I'm sorry that you both have to go through this. My counts were fairly similar to your daughter's when I was first diagnosed. The low HGB is one contributing factor to her fatigue. Although an HGB of 10 doesn't seem that far from normal, I remember the huge difference in my energy level and initiative when at that level. I think that low platelets also play a part in the fatigue, although physiologically I can't explain why. I just remember feeling more energetic (relatively) after platelet transfusions. It could be because the marrow is constantly in overdrive trying to crank out blood cells. It's exhausting!
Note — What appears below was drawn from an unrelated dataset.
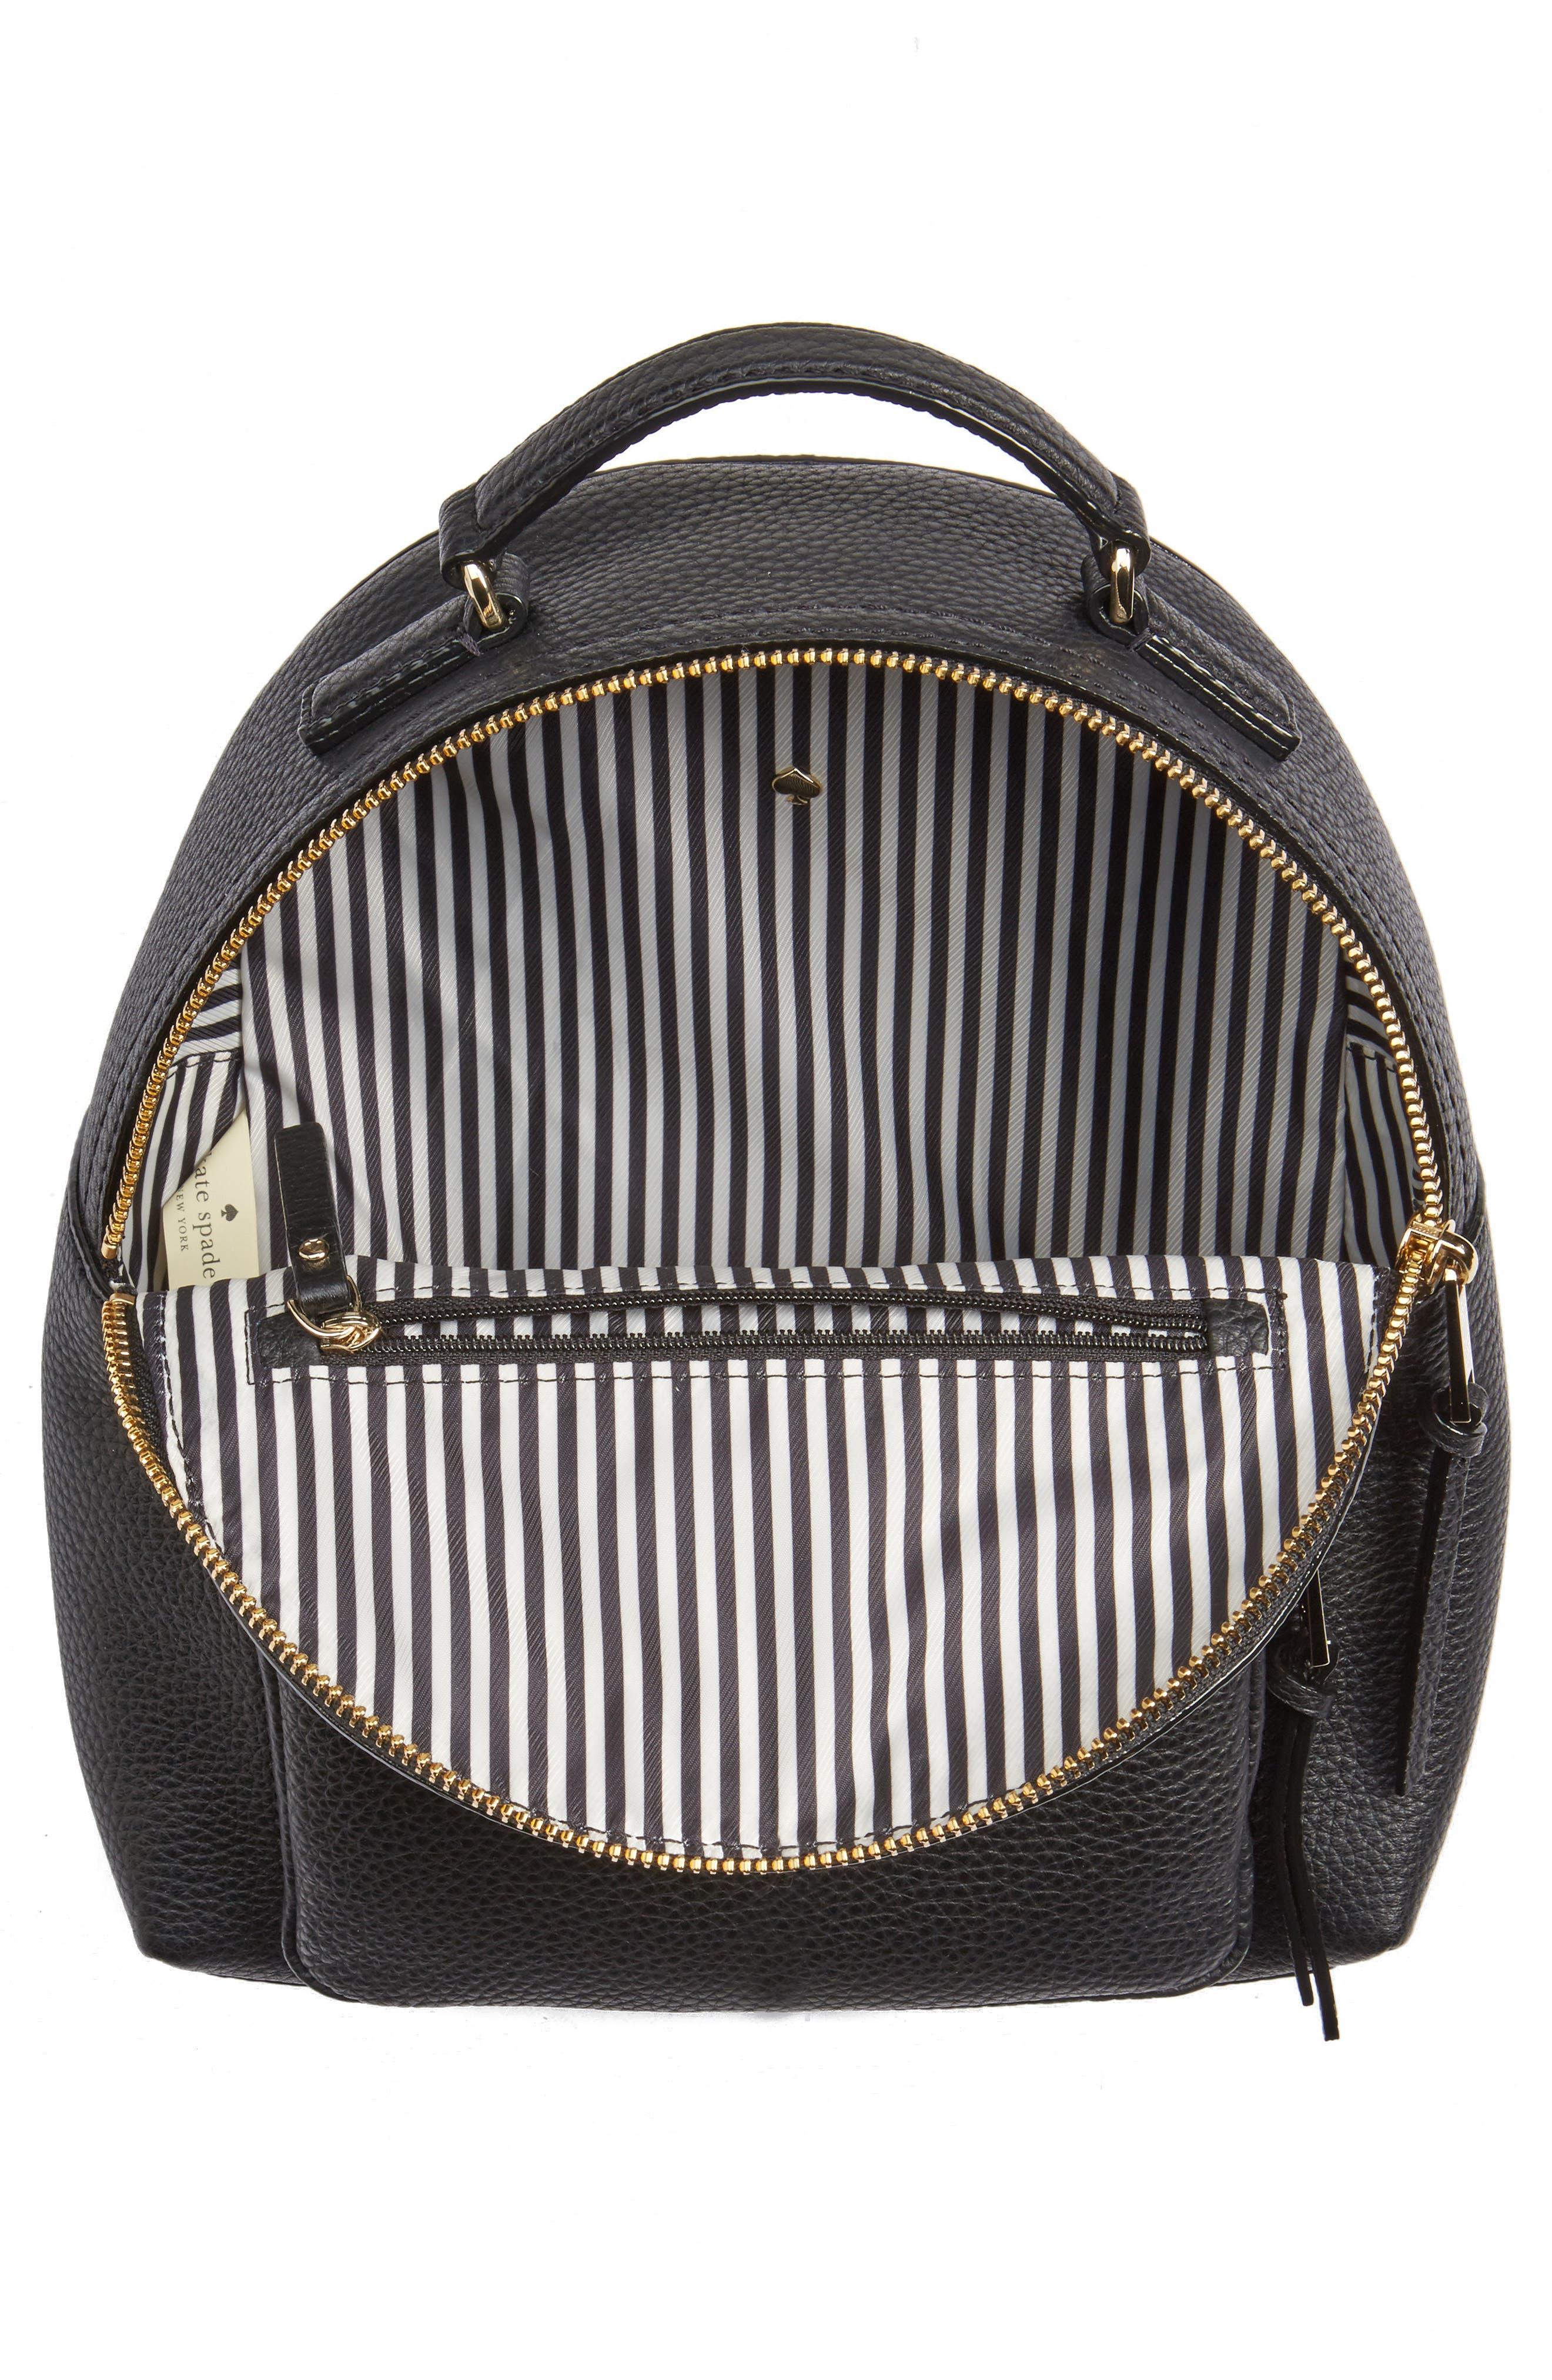 KATE SPADE NEW YORK, jackson street - keleigh leather backpack, Alternate thumbnail 4, color, 001

I remember sleeping 13 hours and waking up exhausted.

What genetic abnormality does your daughter have (Fanconi, Diamond-Black Fan, DC, etc.)? It is good that they are taking the time to do these extra tests, although waiting for a definitive diagnosis is tough! If she does go to transplant, the conditioning regimen is very different for Fanconi's (for example) than acquired-AA. Also, it is important to test her siblings to ensure that they don't also have the mutation.

It is hard to think quickly and clearly when your HGB is low. Can you formally pull your daughter out of school for the year to reduce stress, promote healing, and allow for needed rest? The work will be a lot easier when she has more oxygen to her brain! Colleges will understand. Make sure she stays social and active and pursues her passions (albeit less rigorously) to maintain a good mental attitude.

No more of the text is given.